Confocal laser-scanning images of BrdU-labeled
cells (arrowheads) in the dentate gyrus of female
(A) and male (B) rats
injected with BrdU five times and perfused 2 d after the last
injection. More BrdU-labeled cells were observed in females compared
with males. C, Confocal image of BrdU-labeled cells
colabeled with TOAD-64, a marker of immature neurons
(arrow), in the dentate gyrus of an adult female.
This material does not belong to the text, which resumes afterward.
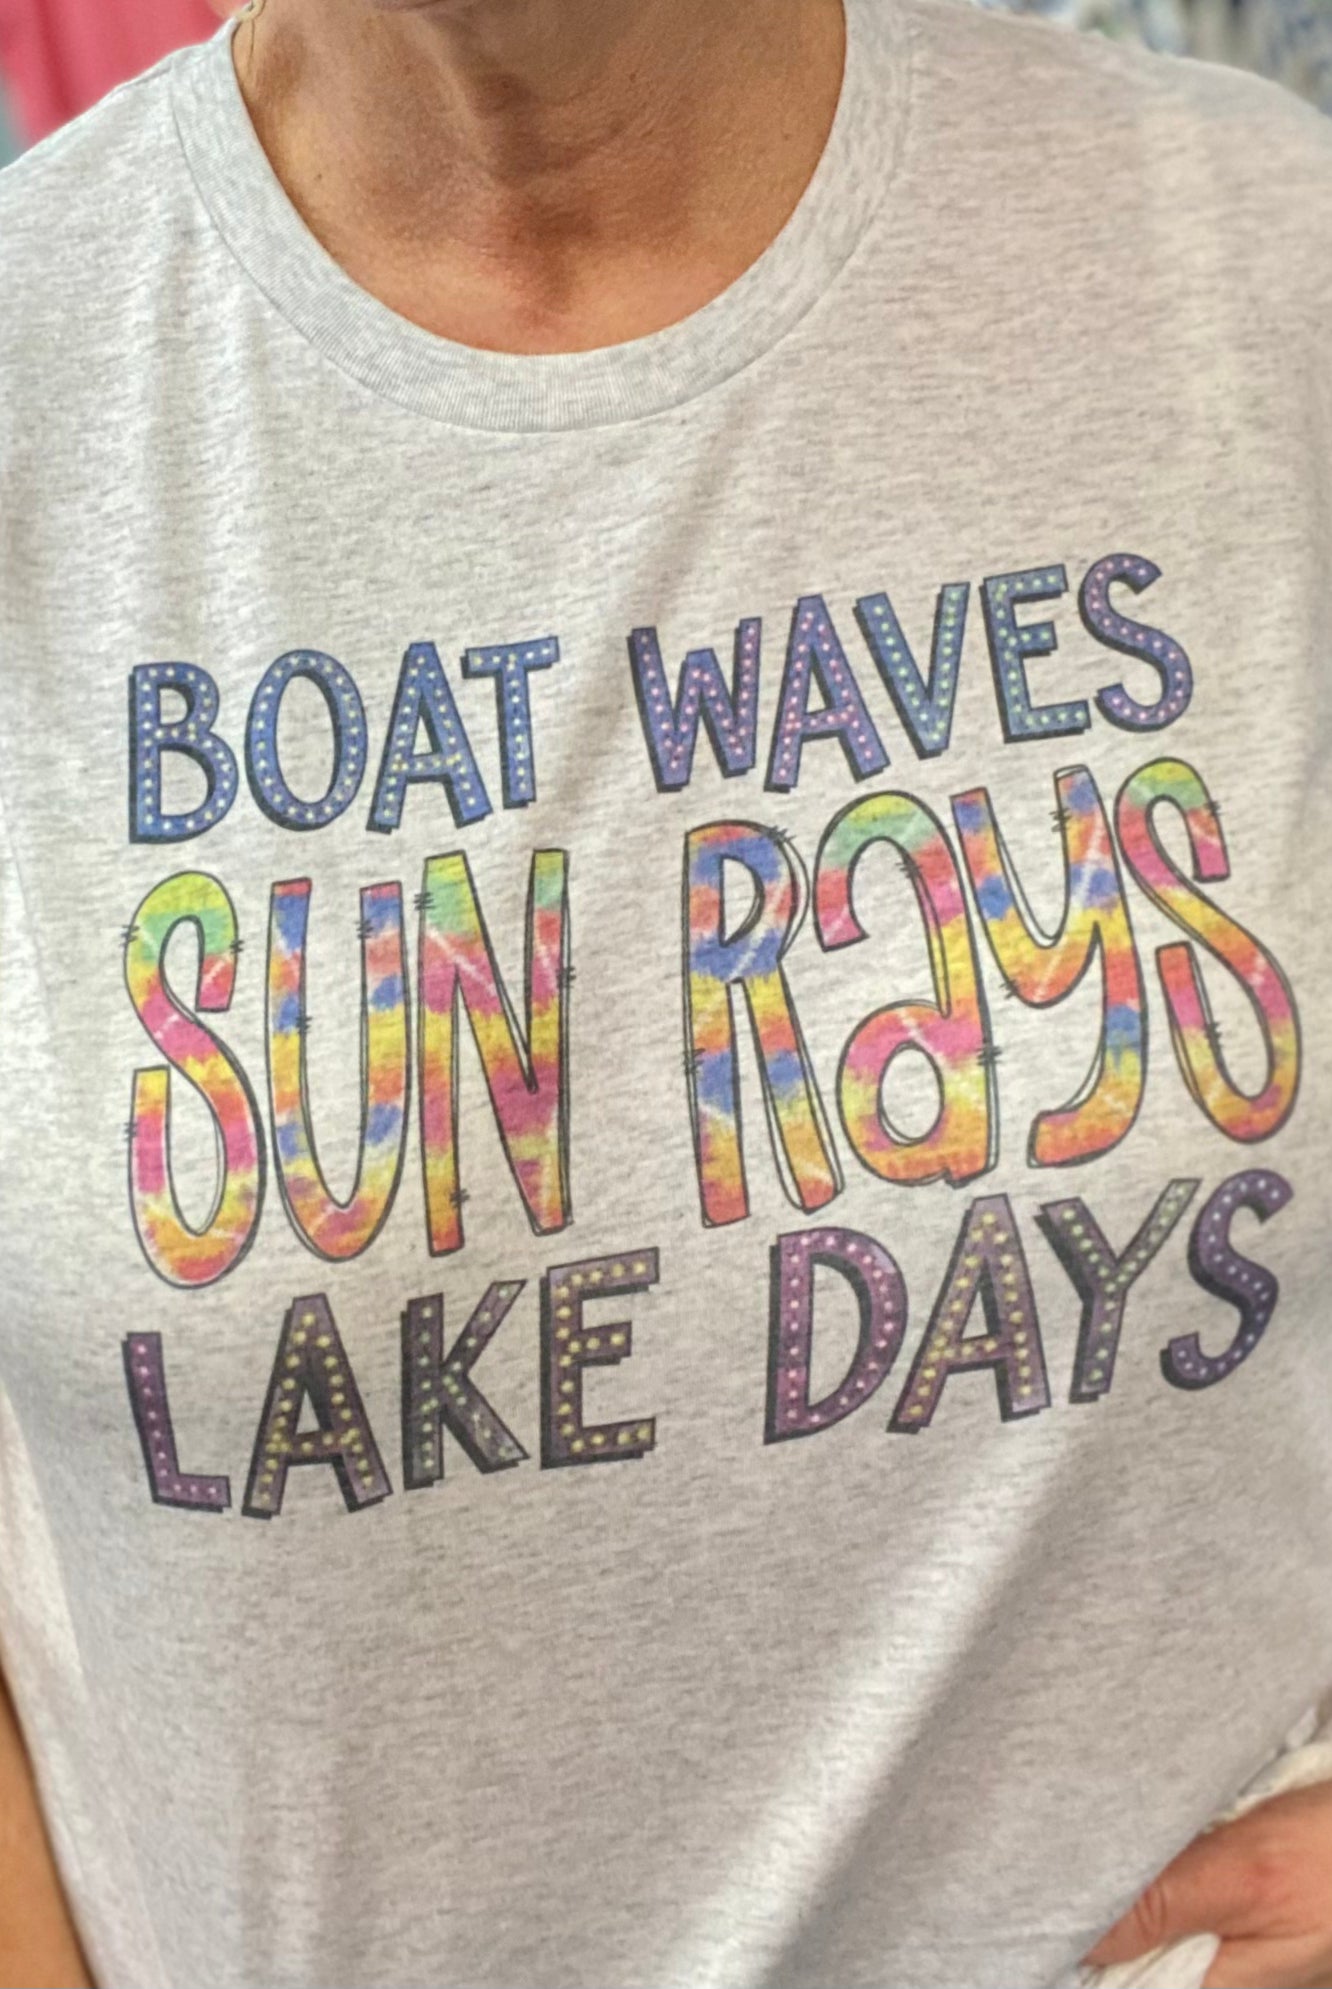 Boat Waves Lake Days Graphic Tee - Graphic Tee -Jimberly's Boutique-Olive Branch-Mississippi

Arrowheads indicate TOAD-64-labeled cells not labeled
with BrdU. D, Light microscopic image of a BrdU-labeled
cell (arrow) that is not colabeled with GFAP, a marker
of astroglia, in the dentate gyrus of an adult female.
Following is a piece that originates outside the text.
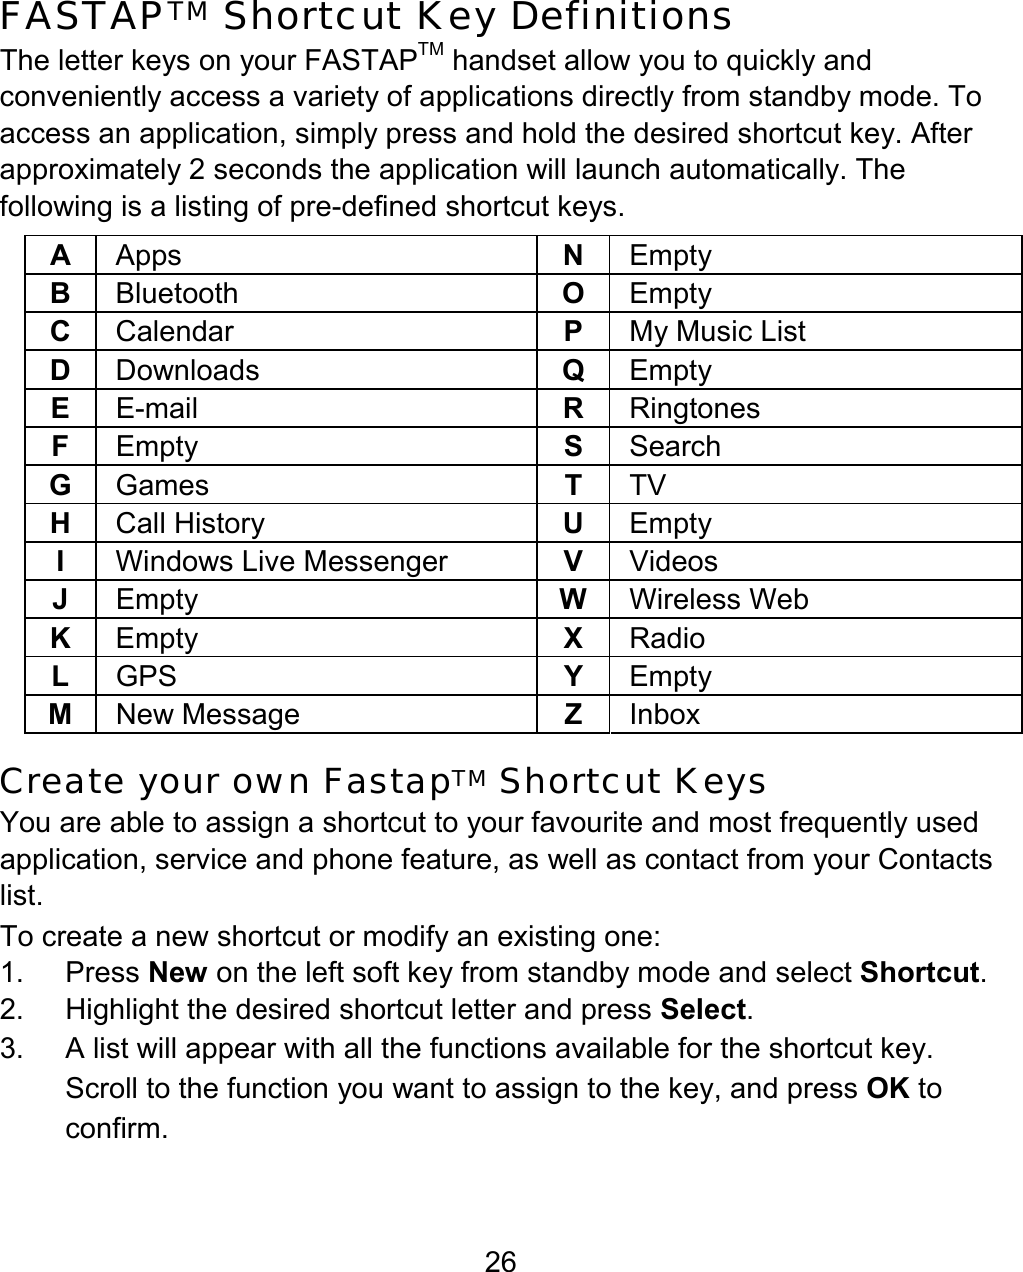 26 FASTAPTM Shortcut Key Definitions The letter keys on your FASTAPTM handset allow you to quickly and conveniently access a variety of applications directly from standby mode. To access an application, simply press and hold the desired shortcut key. After approximately 2 seconds the application will launch automatically. The following is a listing of pre-defined shortcut keys.   A  Apps  NEmpty B  Bluetooth  OEmpty C  Calendar  PMy Music List D  Downloads  QEmpty E  E-mail  RRingtones F  Empty  SSearch G  Games  TTV H  Call History  UEmpty I  Windows Live Messenger  VVideos J  Empty  WWireless Web K  Empty  XRadio L  GPS  YEmpty M  New Message  ZInbox Create your own FastapTM Shortcut Keys You are able to assign a shortcut to your favourite and most frequently used application, service and phone feature, as well as contact from your Contacts list. To create a new shortcut or modify an existing one: 1. Press New on the left soft key from standby mode and select Shortcut. 2.  Highlight the desired shortcut letter and press Select. 3.  A list will appear with all the functions available for the shortcut key. Scroll to the function you want to assign to the key, and press OK to confirm.

Arrowheads indicate GFAP-labeled cells not labeled with
BrdU. E, BrdU-labeled cell (arrow) that
is colabeled with calbindin, a marker of mature neurons, in the dentate
gyrus of an adult female. Arrowheads indicate
calbindin-labeled cells not labeled with BrdU. F,
Ki67-labeled cells (arrowheads) in the subgranular zone
of the dentate gyrus. These cells were similar in morphology and
location to BrdU-labeled cells at early time points. BrdU-labeled cells
(arrowheads) at 4 d (G),
7 d (H), and 21 d
(I) after BrdU injection in the dentate
gyrus of the adult female. With increasing time after BrdU injection,
many BrdU-labeled cells become incorporated into the granule cell layer
and express the morphological characteristics of mature granule
neurons. More BrdU-labeled cells (arrowheads) were
observed in animals injected during proestrus
(J) compared with those injected during
estrus (K). These animals were perfused 2 hr after injection with BrdU. L, Pyknotic cell
(arrowhead) in the dentate gyrus of an adult
female. These cells were more numerous in females than males during the
majority of the estrous cycle, g, Granule cell layer;
h, hilus. Scale bars: B, 25 µm (applies
to A, B); C, 10 µm;
E, 10 µm (applies to D,
E); F, 10 µm; I, 10 µm
(applies to G-I); K, 25 µm (applies to
J, K); L, 10 µm.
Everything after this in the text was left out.